AI-powered themed category generation for logic-grid puzzles. Uses the Anthropic API (Claude Sonnet 4.6 by default) to turn a theme description into fully structured puzzle categories.
npm install logic-grid-ai logic-gridlogic-grid is a peer dependency. Requires an Anthropic API key when using the default client.
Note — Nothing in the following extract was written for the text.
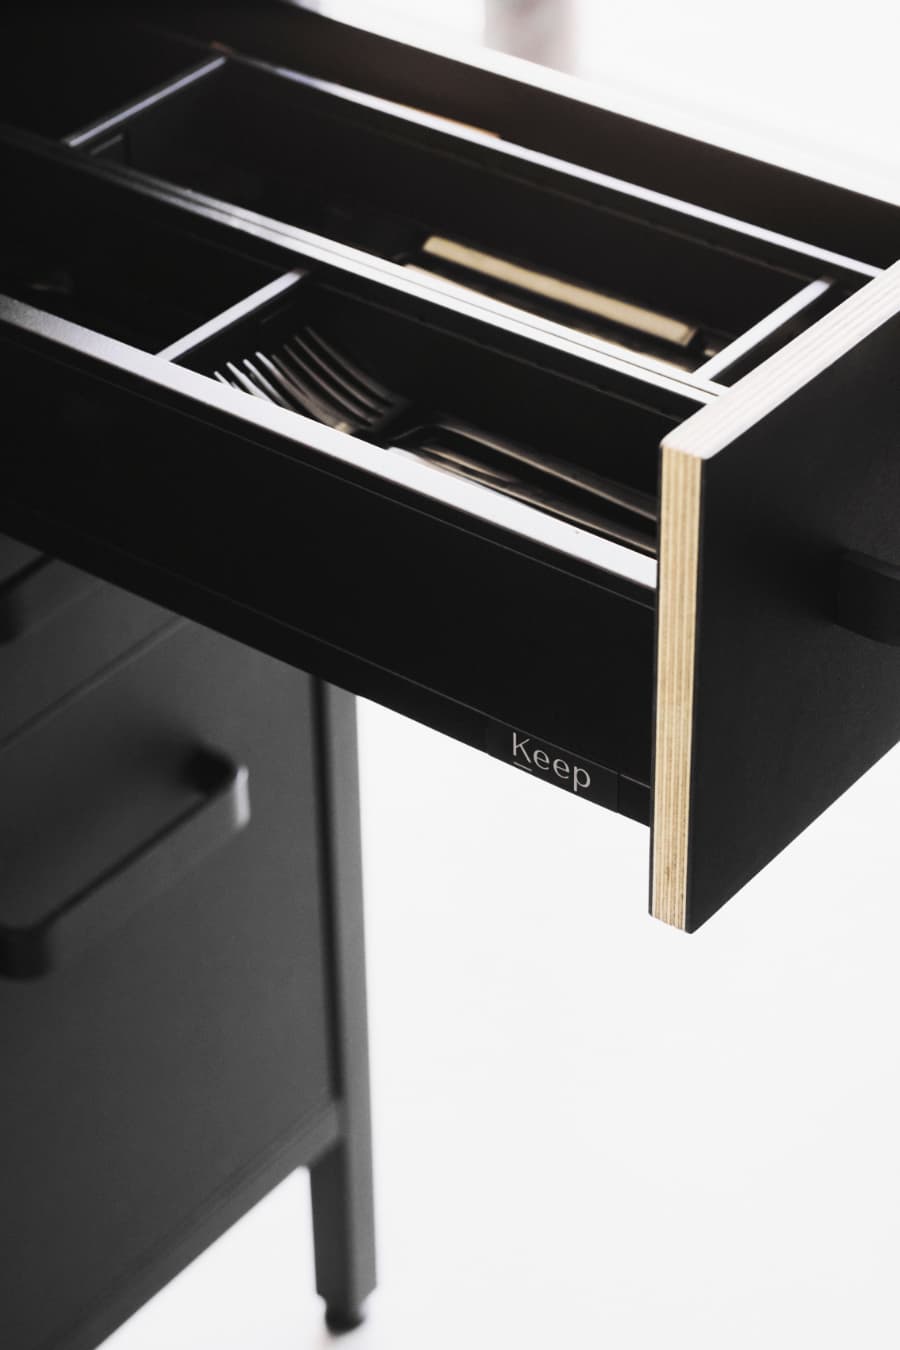 black-kitchen-from-keep-cutlery-drawer-in-detail

import { generateTheme } from "logic-grid-ai";
import { generate } from "logic-grid";
const theme = await generateTheme({
theme: "pirate adventure",
size: 4,
categories: 4,
});
// {
// categories: [
// { name: "Pirate", values: ["Blackbeard", "Redbeard", ...], noun: "" },
// { name: "Ship", values: ["Revenge", "Kraken", ...], noun: "captain",
// verb: ["commands the", ...], ordered: true, orderingPhrases: { comparators: {...} } },
// ...
// ]
// }
const puzzle = generate({
size: 4,
categories: 4,
categoryNames: theme.categories,
});
// Clues like: "Blackbeard commands the Revenge."Generate themed categories for a logic grid puzzle.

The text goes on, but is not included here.